Çok doğru isimlerle çalıştınız dizilerde, nasıl etkiledi sizi bu durum?
Karakaşlı: Bizimle çalışan isimlere bakarsanız; Kenan İmirzalıoğlu, Özcan Deniz, Barış Falay gibi... Bize gelene kadar bu sanatçıların reklam filmi yok. Bizden sonra hepsi bir tarz veya stil sahibi olarak, reklam dünyasında yer buldu ve başka bir noktaya geldi.
Kendinize nasıl bakarsınız? Her zaman çok şık ve formdasınız...
Karakaşlı: Hiç bakmam...
Asla inanmam...
Karakaşlı: Spor tabii yapmaya çalışıyorum ama onun dışında bir şey yok. Sadece dikkat ediyorum kilo almamaya. Benim ceketleri giyerken kilo alma lüksüm yok. Aksi takdirde dolabı çöpe atmam gerekir.
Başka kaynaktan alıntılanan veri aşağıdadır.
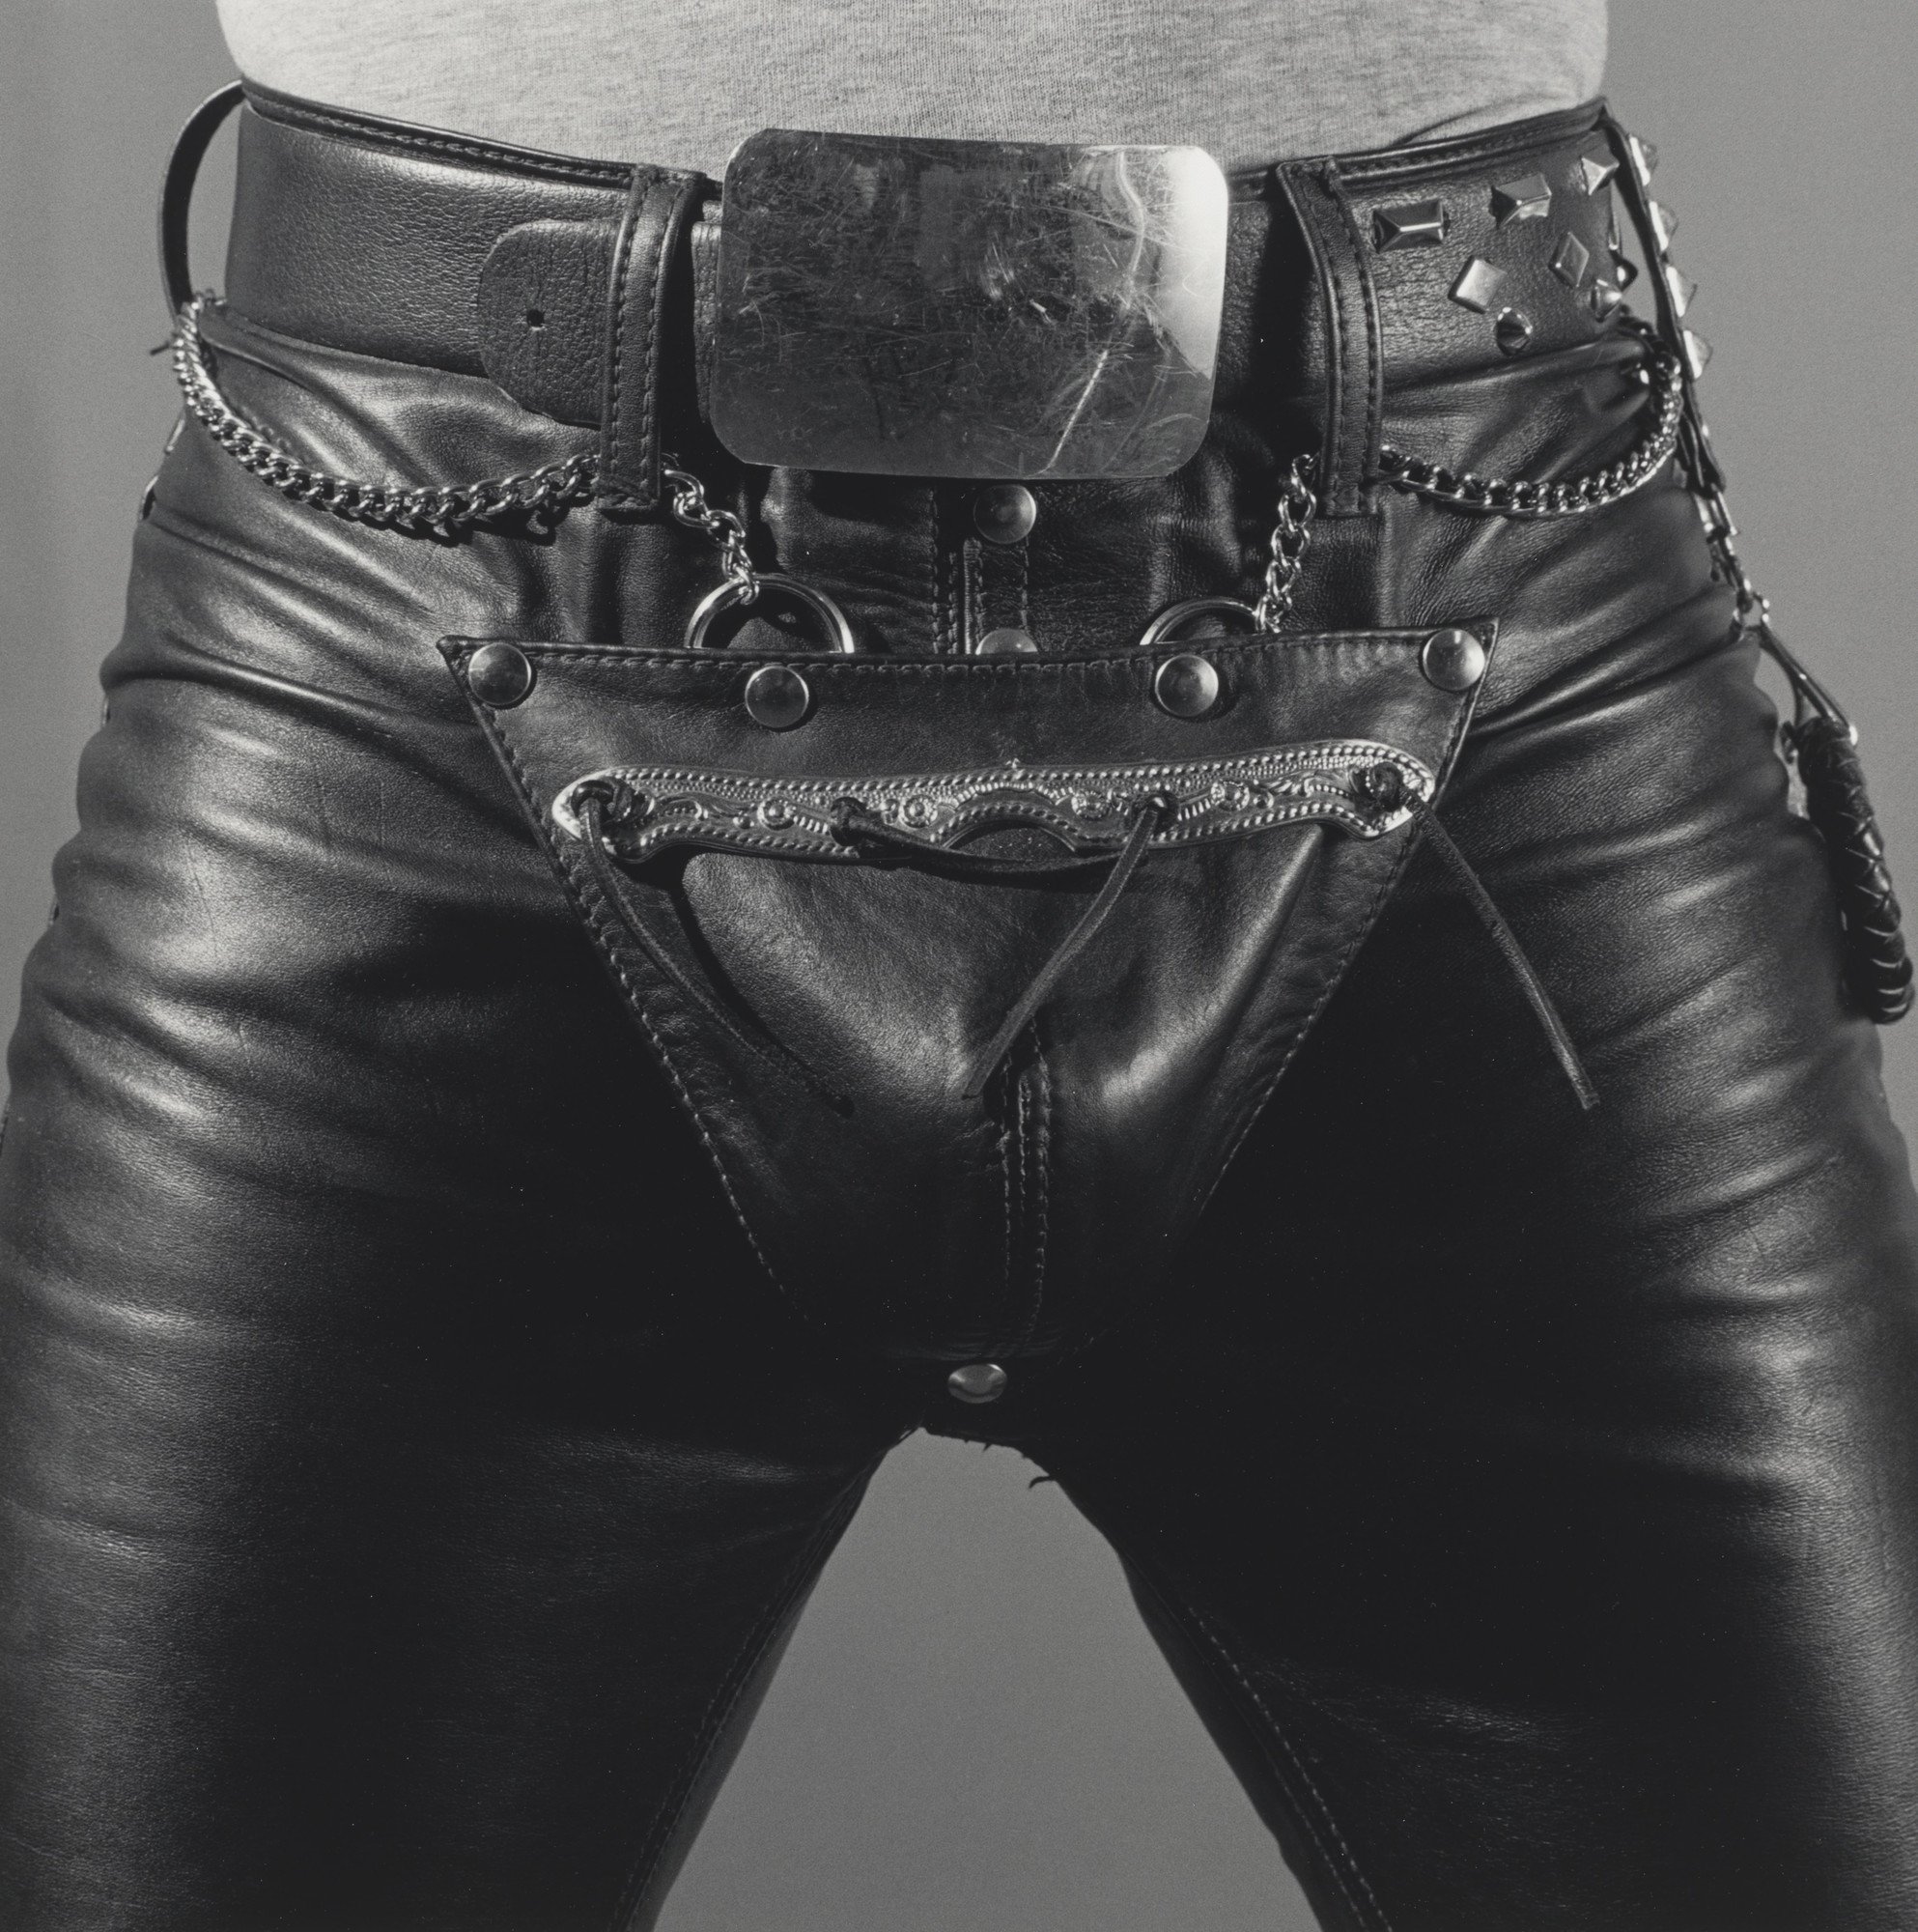 Robert Mapplethorpe Leather Crotch.jpeg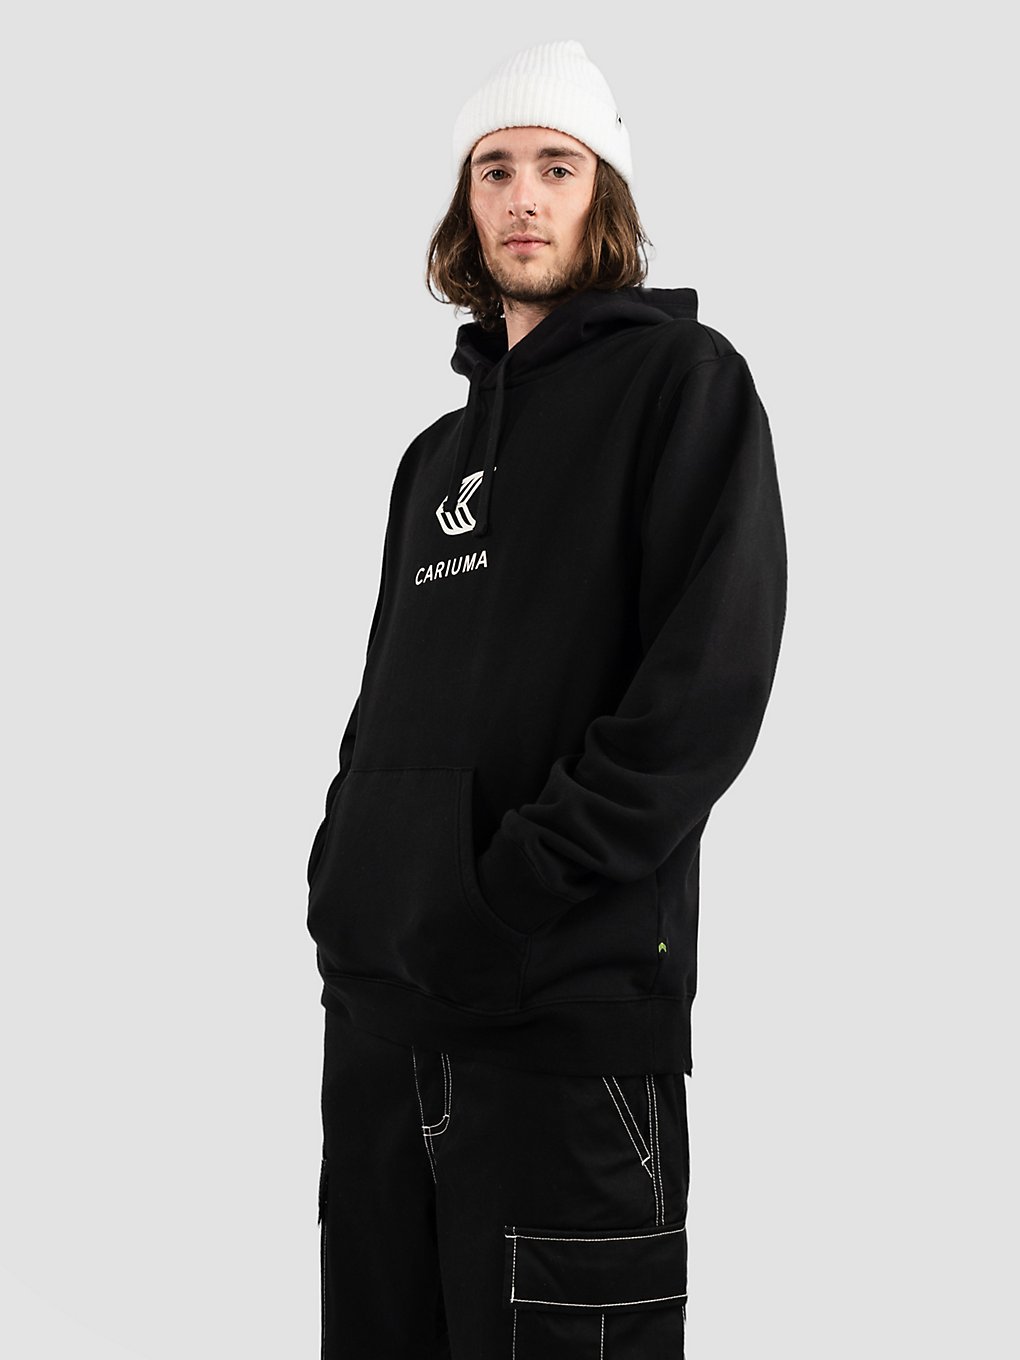 cariuma center hoodie black

Yıllardır bir yayım var, onu yaparım. Kışın kayarım, arada bir yürürüm. Zamanım yok zaten, sabah akşam fitness kulüplerine gideyim.
Tablolarınıza bayıldım, ne ifade ediyor resim yapmak sizin için?
Karakaşlı: Çok teşekkürler, bir nevi terapi gibi diyelim. Kendimi rahatça ifade edebildiğim bir alan, modada sınırlar var ama resim yaparken çok özgürüm. Modanın bittiği yerde resim başlıyor benim için.